- Del Rio Location within Florida Del Rio Location within the United States
- Coordinates: 28°00′33″N 82°23′59″W﻿ / ﻿28.00917°N 82.39972°W
- Country: United States
- State: Florida
- County: Hillsborough
- Elevation: 46 ft (14 m)
- Time zone: UTC-5 (Eastern (EST))
- • Summer (DST): UTC-4 (EDT)
- ZIP codes: 33617
- Area code: 813
- GNIS feature ID: 1867134

= Del Rio, Florida =

Del Rio is an unincorporated, urban community in Hillsborough County, Florida, United States. It lies between Tampa and Temple Terrace, near the Hillsborough River.

The community is known as "The Fishbowl" to locals because many streets in the area are named for fish. Del Rio is included within the East Lake-Orient Park census-designated place.

==Description==

Tampa bounds Del Rio to the west, the Hillsborough River to the north, U.S. Route 92 to the south, and 56th Street (SR 583) to the east.
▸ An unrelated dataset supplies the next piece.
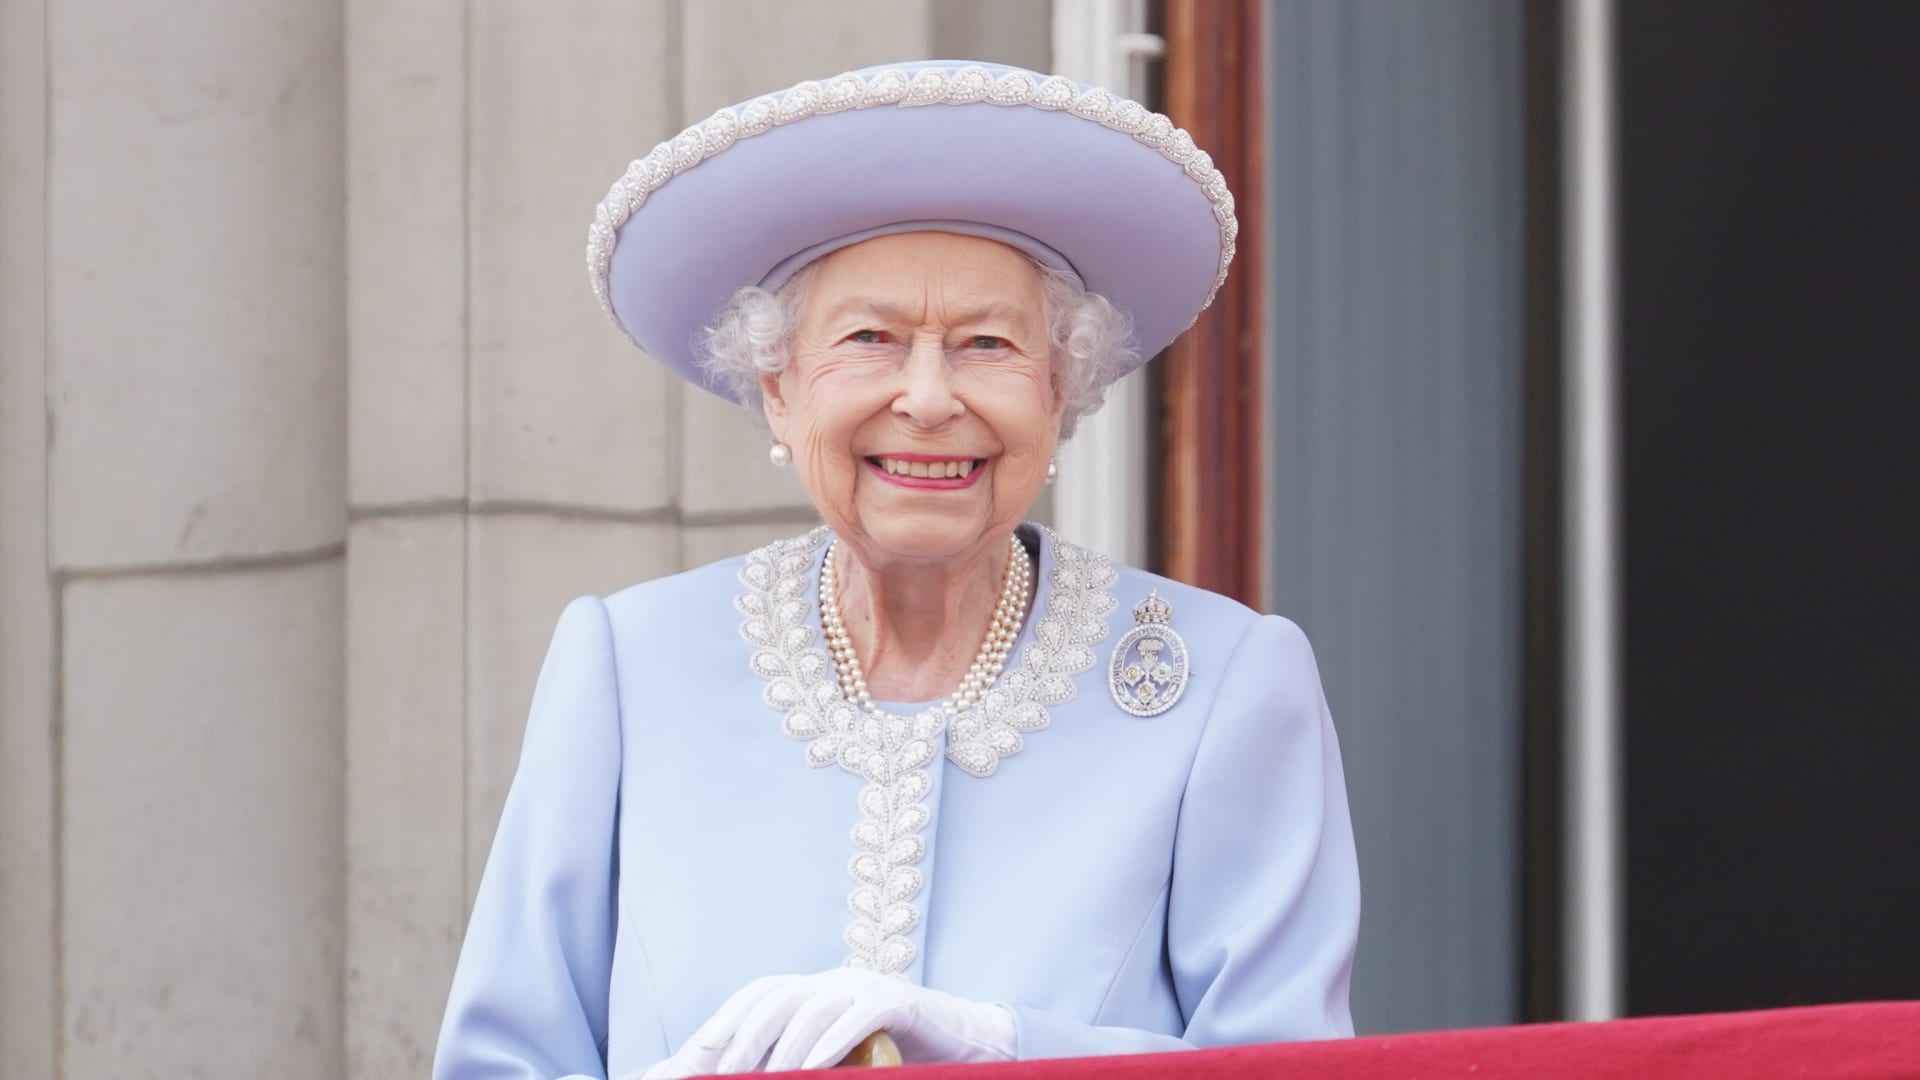 Queen Elizabeth II watches from the balcony of Buckingham Palace during the Trooping the Colour parade the Trooping the Colour parade on June 2, 2022 in London, England.

The 40th Street Bridge on County Road 585A travels over the Hillsborough River in Del Rio.

Historical population
| Census | Pop. | Note | %± |
| 1980 | 7,409 |  | — |
| 1990 | 8,248 |  | 11.3% |
source:

==History==
Del Rio was a purpose-built community created in the 1950s and 1960s as one of the suburbs of Tampa. The community multiplied during the 1960s and 1970s. Its peak population according to the Census was 8,248 in 1990. It is a part of the Northeast Community.